Today, let’s start with a joke from the software industry.

The client wants to build an e-commerce website, and as the programmer for the contractor, I ask, “What kind of website do you want?” The client says, “Something like Taobao would be good.” I ask, “And how much are you willing to spend?” The client thinks for a moment and says, “Around 50,000 yuan should be enough!”

This is obviously a joke mocking clients who don’t understand the complexity of their requirements, but have you ever thought about why a system that seems simple to the client can be perceived as extremely difficult for you?

It’s because you are thinking about completely different things.

In the client’s eyes, all they want is a website where they can sell products. As long as they can list and sell items, and users can view and purchase them, it’s good enough. 50,000 yuan should be sufficient.

But in your mind, you are thinking, “Taobao, oh boy, that’s a huge technical challenge. Every year during ‘Double Eleven’ (Singles’ Day), they have to handle massive concurrent purchasing requests. Taobao must have a large team of programmers. You want to build one for just 50,000 yuan, that’s unrealistic.”

If this were in the earlier section about “communication and feedback,” I might have talked about how both parties need to coordinate and align their thinking. But in the section about “automation,” I want to discuss this problem from a different perspective: How did the system become more complex?

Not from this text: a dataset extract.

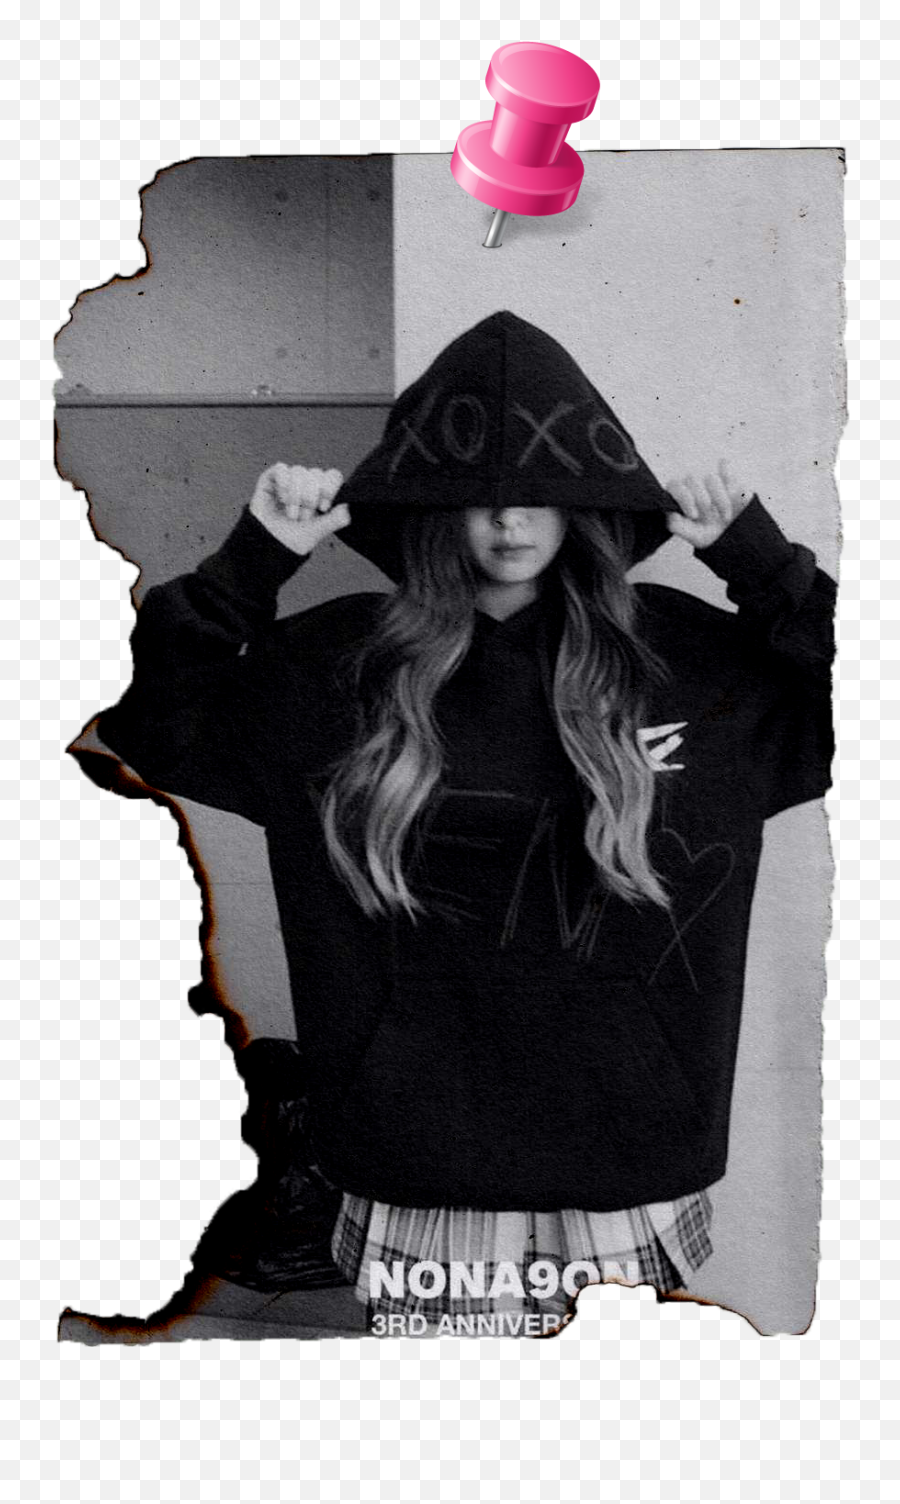 My Dumb Wife - Jenlisa Chapter 10 Wattpad Jennie With Black Hoodie Emoji,What Does The Big Toothy Smiley Emoticon Mean
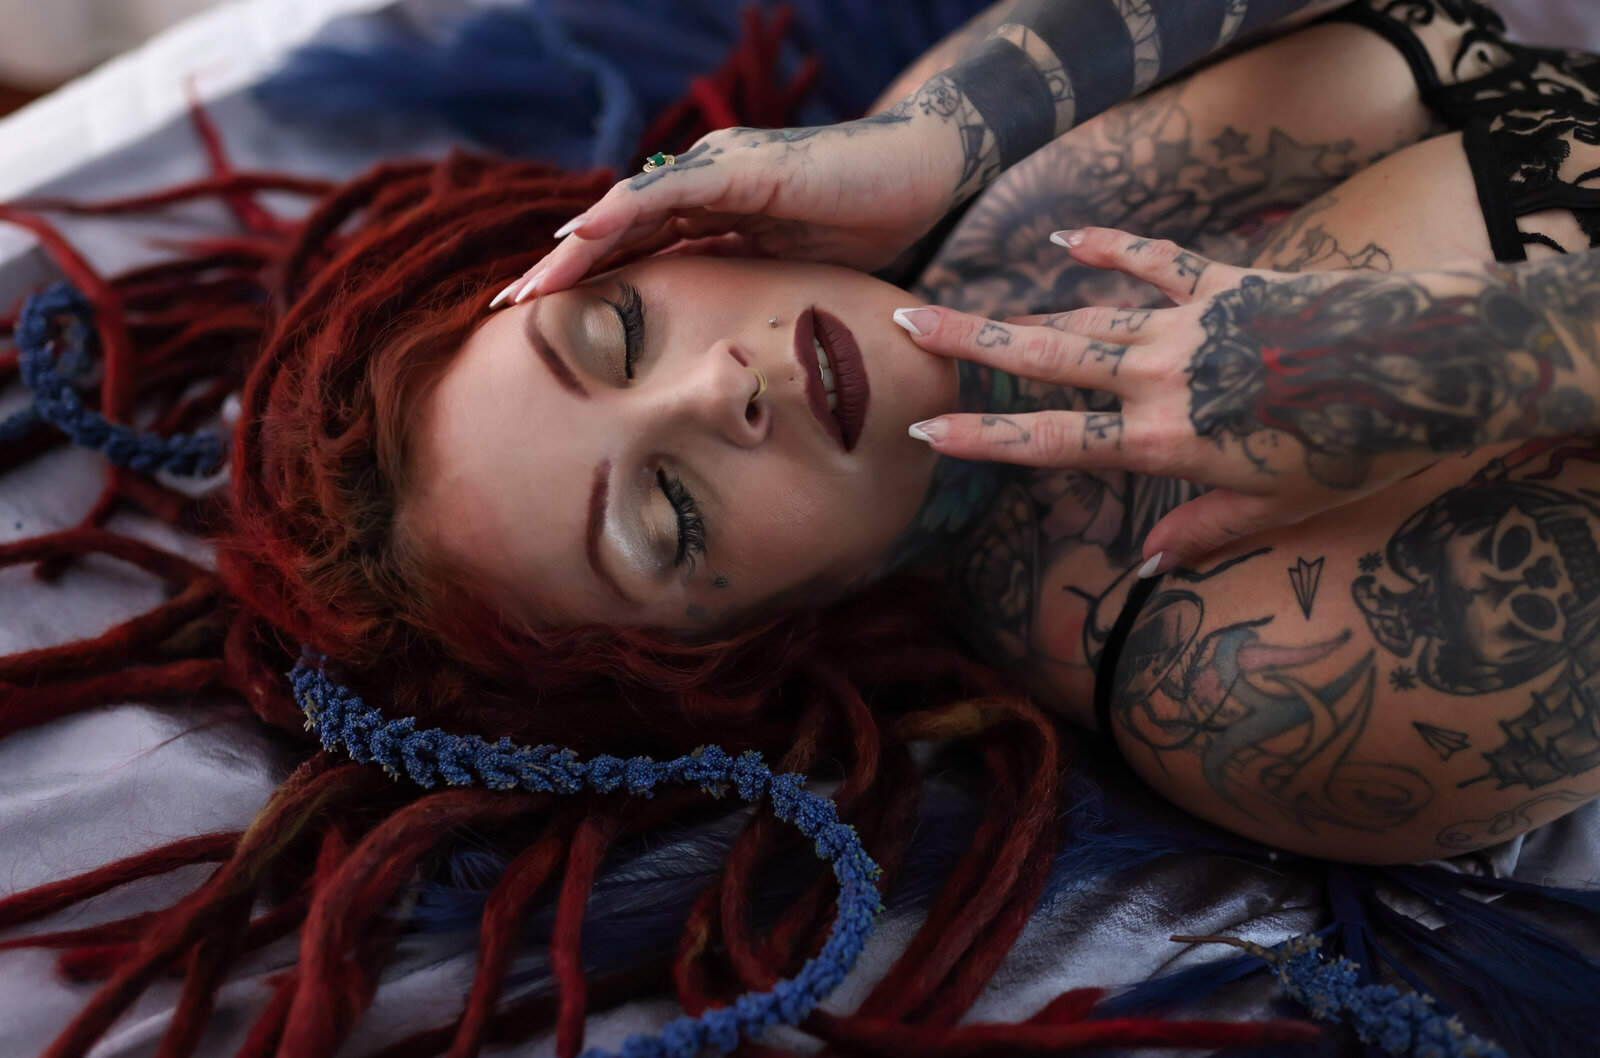 Savannah Georgia Boudoir Photography and Glamour boudoir portrait of Woman with tattoos and dreadlocks laying on bed with eyes closed and hands in face

Development History of Taobao #

Since we’re talking about Taobao, let’s take a look at the evolution of Taobao’s technology based on some public information. In 2013, Ziliu published a book called Ten Years of Taobao Technology, which tells the story of how Taobao has changed step by step.

According to the book, the first version of Taobao was “bought”. It was a system called PHPAuction, which cost only about $2,000 even with the highest configuration. This system used the LAMP architecture, which stands for Linux + Apache + MySQL + PHP, which was a typical open-source architecture at that time.

The main work of the team was customization, and the major adjustment was to split the read and write operations of the single database into a master database and two slave databases. This structure is still the preferred choice for many teams even today.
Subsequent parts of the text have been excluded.